Motion alleges five terminations were disproportionate to penalties

MCMINNVILLE — The Air Line Pilots Association has filed a motion with a federal bankruptcy court to allow grievance proceedings to proceed concerning five Evergreen International Aviation pilots who were “unjustly” fired in 2013 as the company deteriorated.

Led by Capt. James Touchette, then chairman of the pilots’ association Evergreen Master Executive Council, the July 30 motion outlines the five instances of “disproportionate penalties” from May 25 to Sept. 13, 2013.

“For many years preceding Evergreen’s bankruptcy, the company discharged pilots infrequently — firing perhaps one pilot every two to three years — and did so only for the most serious offense,” Touchette wrote in the motion. “Most pilot disciplinary issues were handled short of discharge. However, in 2013, as Evergreen’s financial position deteriorated, the company went on a rampage of unjustified firings. These terminations were all for alleged misconduct that had nothing to do with the ability of the discharged pilots to competently and safely operate the company’s aircraft.”

The motion included examples of the wrongful firings:

First Officer Stephen Summers for allegedly damaging a hotel van.

First Officer Thomas Gorski for allegedly using the company email system for personal gain. “Evergreen management, however, produced no evidence that Gorski in fact realized any gain,” according to the motion.

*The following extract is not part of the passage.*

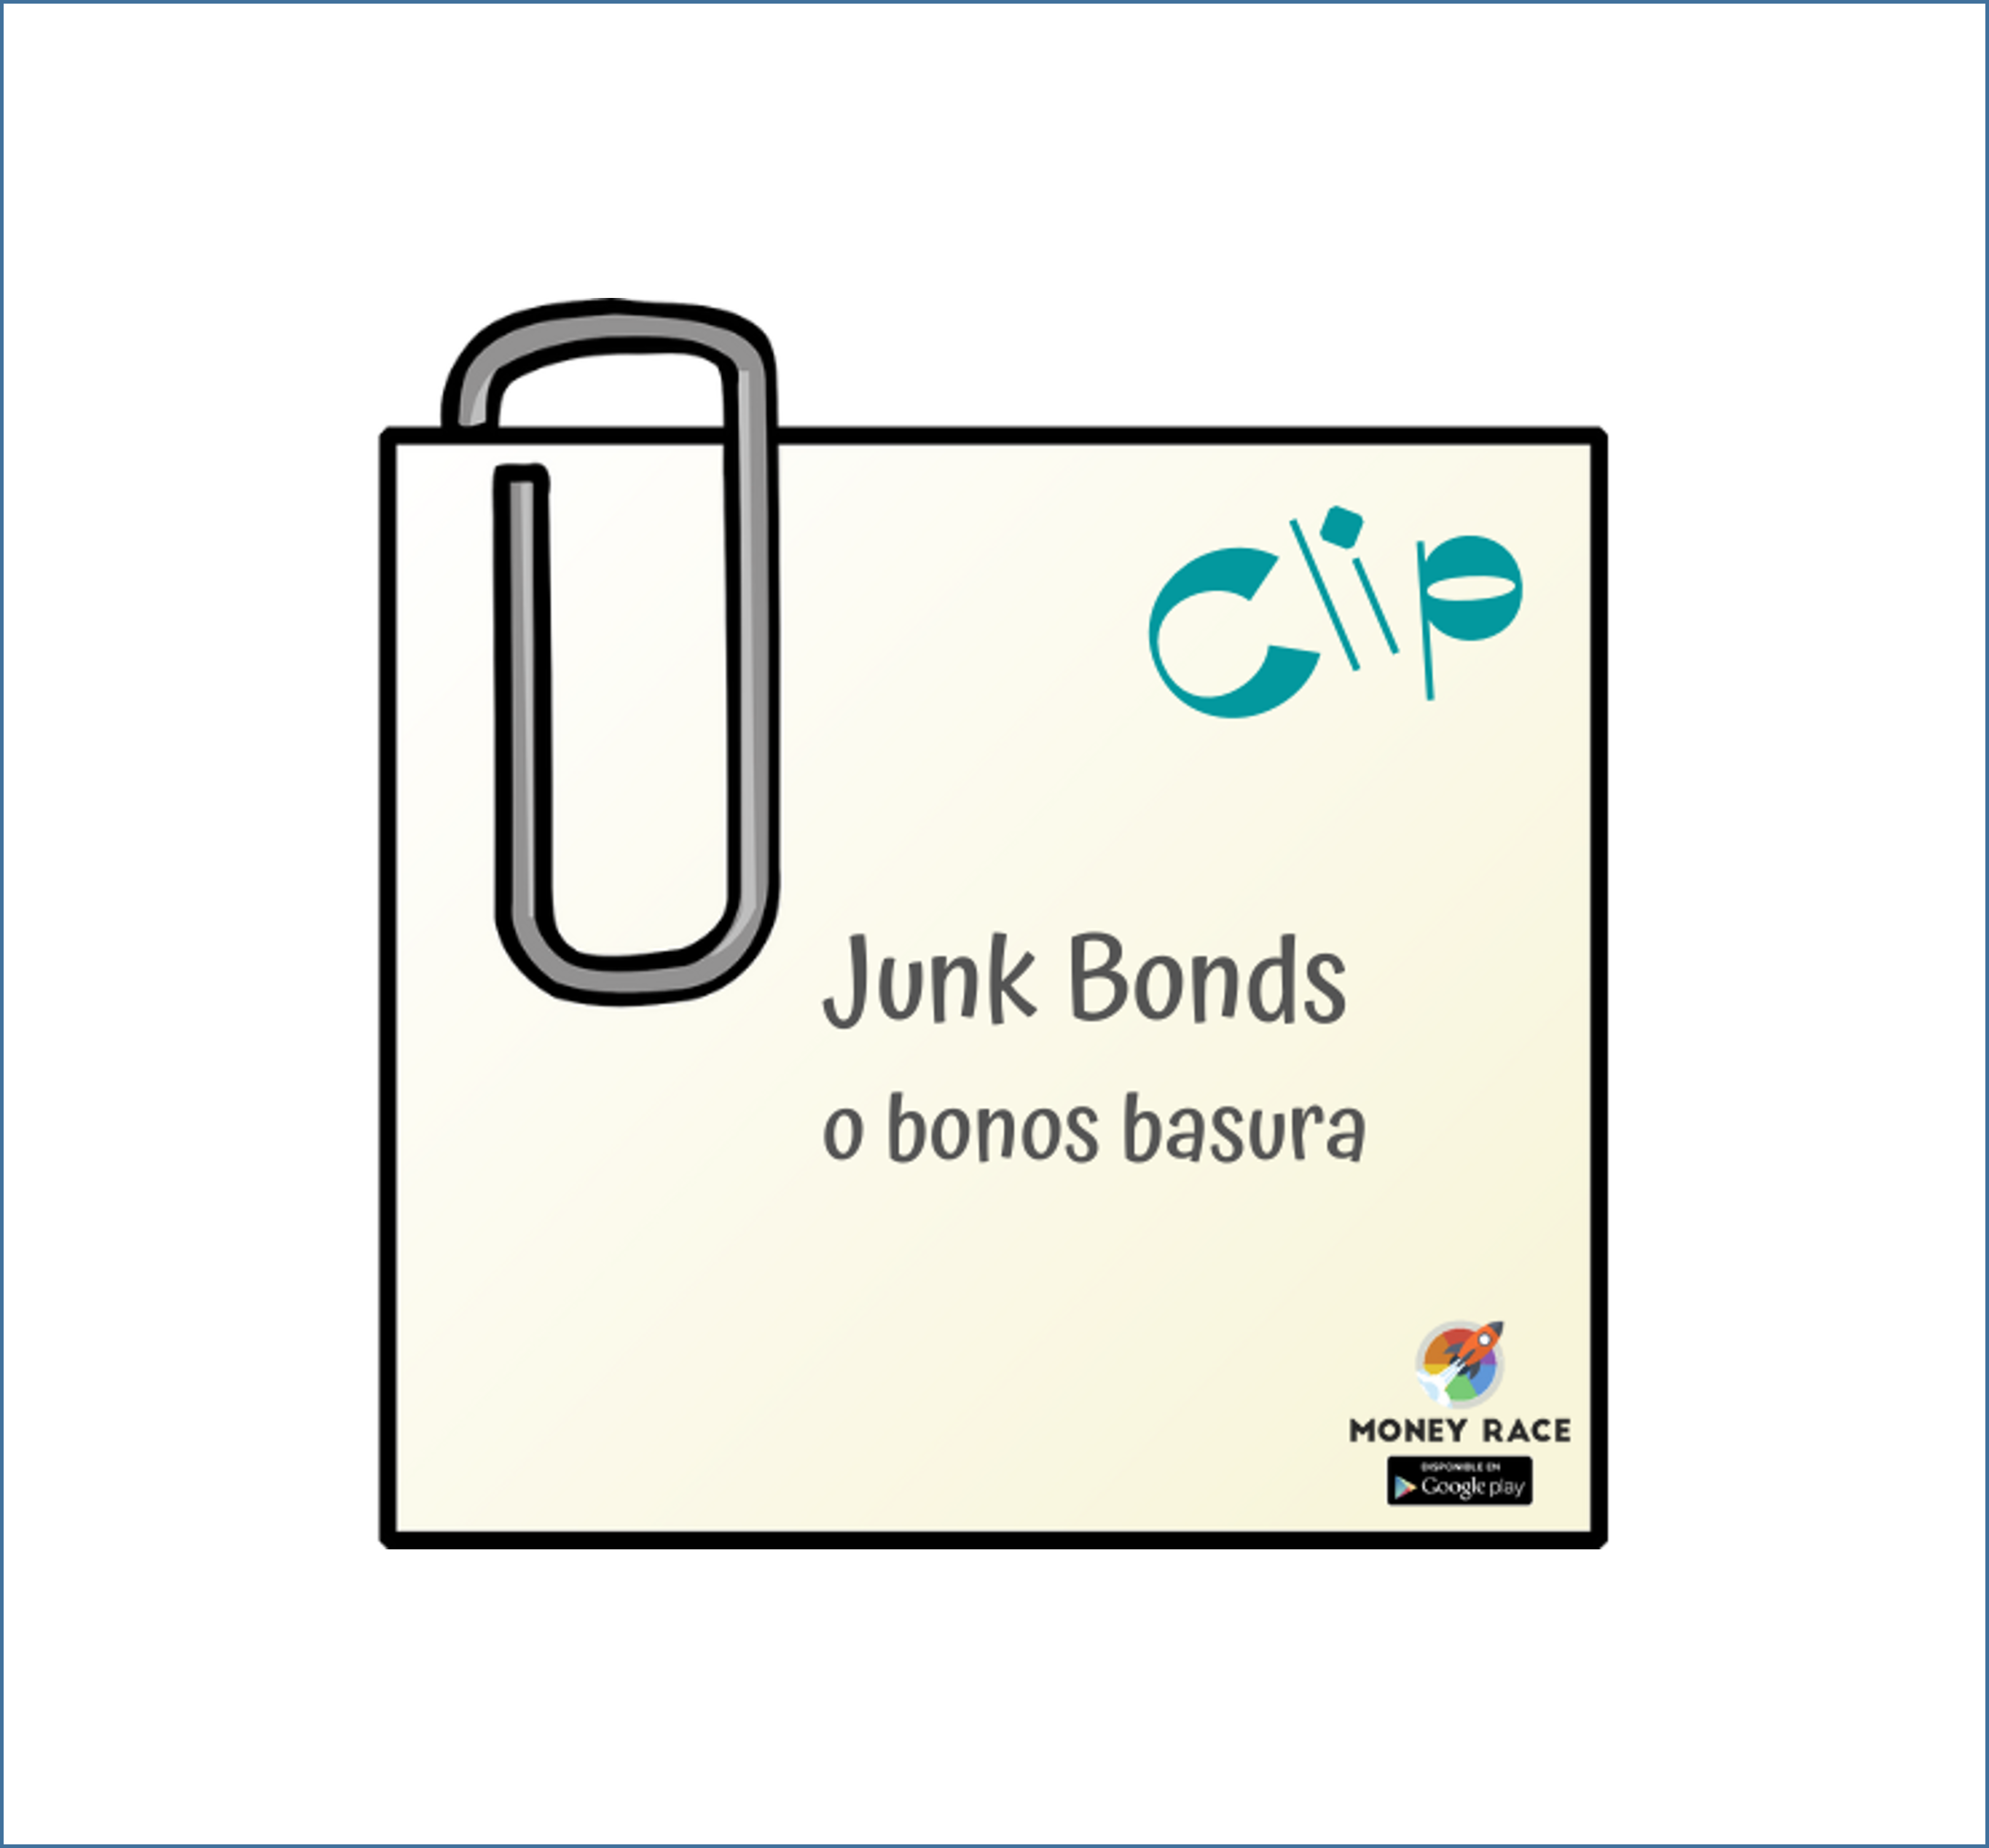 qué son los bonos basura o junk bonds

First Officers Joseph Miller and Nathan Kramer for alleged unauthorized use of the company’s computer network.

Touchette for breaching confidentiality “by approving an ALPA press release that accurately asserted that Evergreen had failed to pay contributions to the pilots’ pension plan and to meet other financial commitments to Evergreen’s pilots.”

“These discharges caused the pilots serious economic and reputational harm,” the suit alleges. “The firings caused them to lose the wages and benefits on which they and their families depended. Moreover, the discharges severely limited the ability of the pilots to find new jobs in the industry.”

Touchette notes that to his knowledge none of the five pilots have found work, except for one at a small cargo carrier.

In 2013, the ALPA filed grievances challenging the discharges with Evergreen, but allege the company refused to process the claims. The union then filed a separate grievance over the refusal to process the original claim. The grievances were then submitted to the Evergreen Crewmember System Board of Adjustment. But before the motion could be heard by the board, EIA filed for bankruptcy.

The new motion with the Delaware bankruptcy court seeks to compel arbitration over the dismissals. ALPA has also asked the EIA trustee, Alfred T. Giuliano, for arbitration and allege that he has not agreed.

The motion is scheduled for a hearing Sept. 17. The union declined to comment on the matter.